In a time when, it seems to Wilson and the new monastics, "many parts of the church are sinking with the culture and doing so without any resistance," Benedict's wisdom has again become a fount of inspiration and guidance. In School(s) for Conversion: 12 Marks of a New Monasticism (which emerged from a 2004 meeting of "new monastic" communities) leaders concluded that at least some Christians must engage in some form of separation—not only from the "culture at large," but also from the increasingly compromised church—to model a life of true devotion and obedience to Christ.

But historically, of course, monastics have not stopped at separation—nor do these "new monastics." Benedict founded a monastic way in which hospitality to the stranger and the needy is a prophetic witness to the world. Thus these new quasi-monastic communities have dedicated themselves not only to contemplative disciplines and submission to a communal rule, but also to solidarity with the poor, racial reconciliation, and peacemaking.

One Protestant who attended the St. John meeting, Bethel Seminary graduate Jan Bros, was driven by the difficulty she experienced pursuing true spiritual formation in her old megachurch to start a new monastic community in Minneapolis called Abbey Way, founded on Benedictine principles. When Bros asked a Benedictine sister what she thought of Protestants seeking to start such communities, to her delight the nun replied, "Benedict would approve."

Passing Fad or Promising Future?

Even in the midst of such celebration, members of new communities, both Catholic and Protestant, are aware that the current love affair with monastic forms of worship and life can amount to another unhelpful "fad" as people run after books and retreats. A few candles and a few chanted prayers do not a prophetic community make.

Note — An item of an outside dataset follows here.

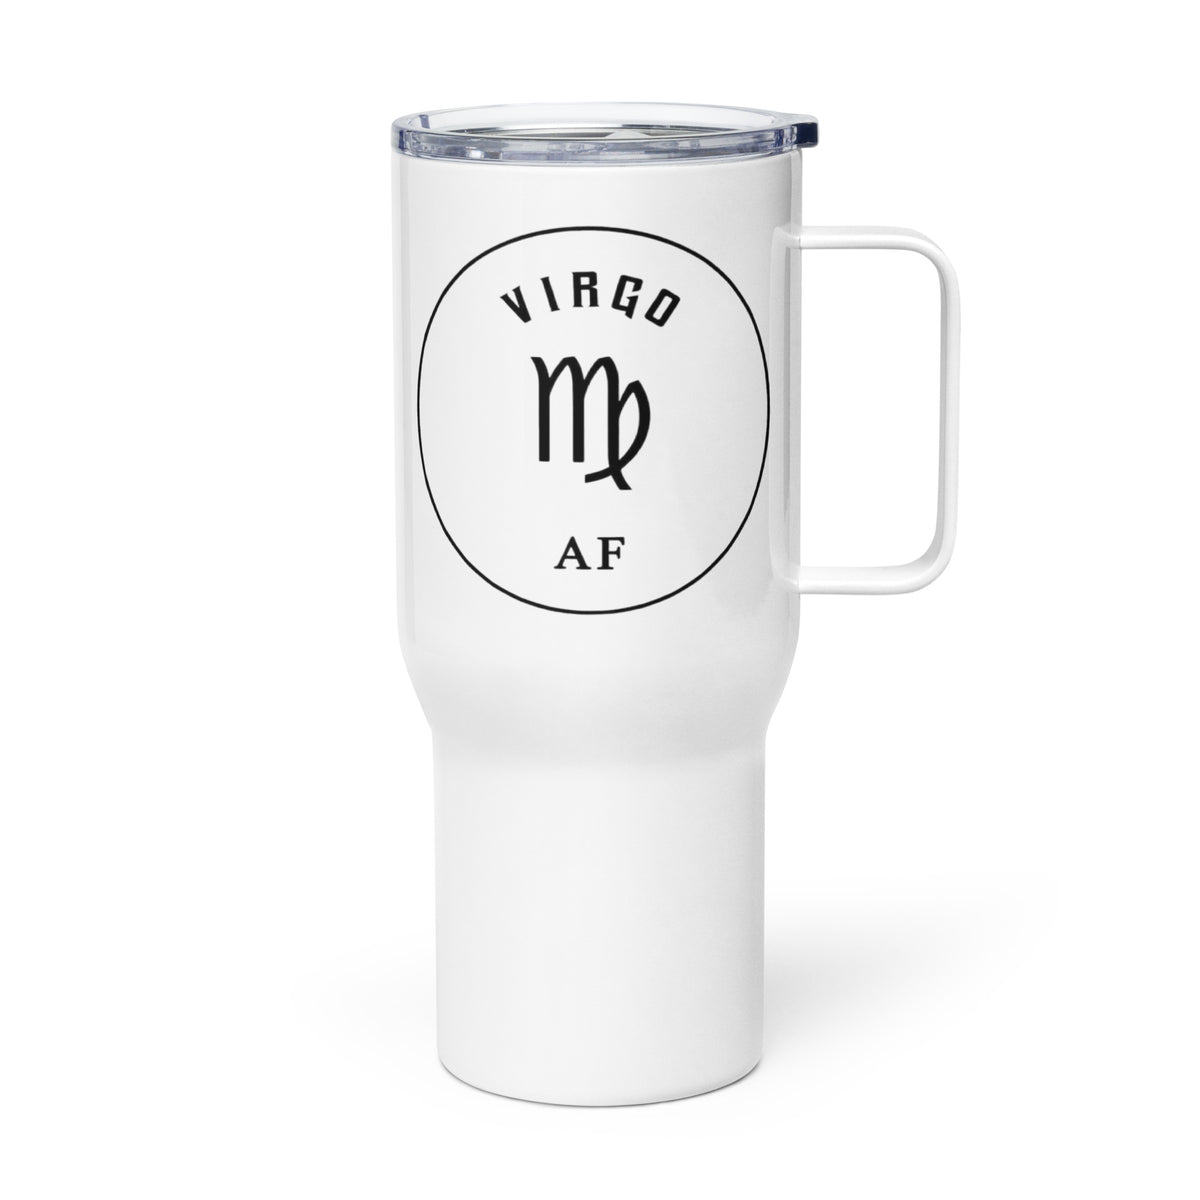 Virgo AF Travel mug with A Handle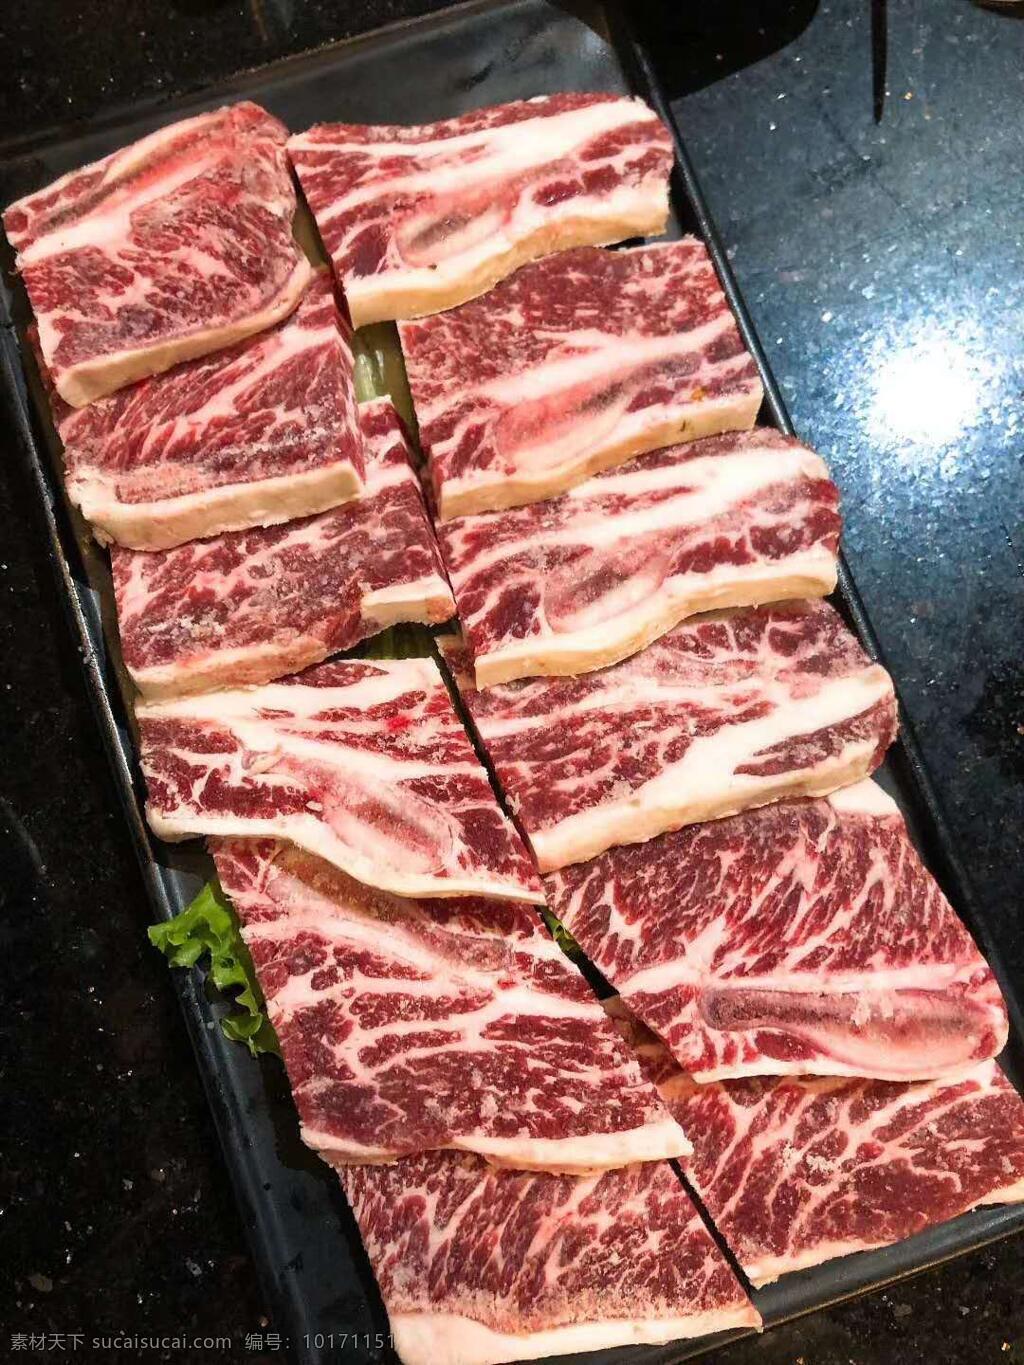 雪花牛肉 烤牛肉实拍 牛肉照片图片 牛肉照片 大块牛肉 烧烤肉 餐饮美食 食物原料

Church of the Servant King's Jon Stock says, "It's awful hard for us Westerners not to approach Benedict as another technique, another consumable, another path to self-actualization." Stock also admits that the new monasticism, focused as it often is on social activism, can lose its connection to the larger church and to worship practices anchored in the church—a concern shared by the Roman Catholic hierarchy. Asbury Seminary's Christine Pohl admits that Benedict's four pillars—"life under a rule, life lived in commitment to a particular people and place, obedience, and ongoing conversion"—present a challenge to modern Western Christians, with our "wariness of vows and commitments, and our individualistic and mobile lifestyles."

Time will tell whether the "new monastic" communities will survive, whether the traditional Benedictine monasteries will continue to thrive, and what new forms of counter-cultural, prayerful, prophetic community will arise to inspire Christians and shake the culture. But for now, the future of Benedict seems as bright as his past.

Chris Armstrong is associate professor of church history at Bethel Seminary and a senior editor of Christian History & Biography. The author thanks Dennis Martin for his guidance on the current state of Roman Catholic monasticism.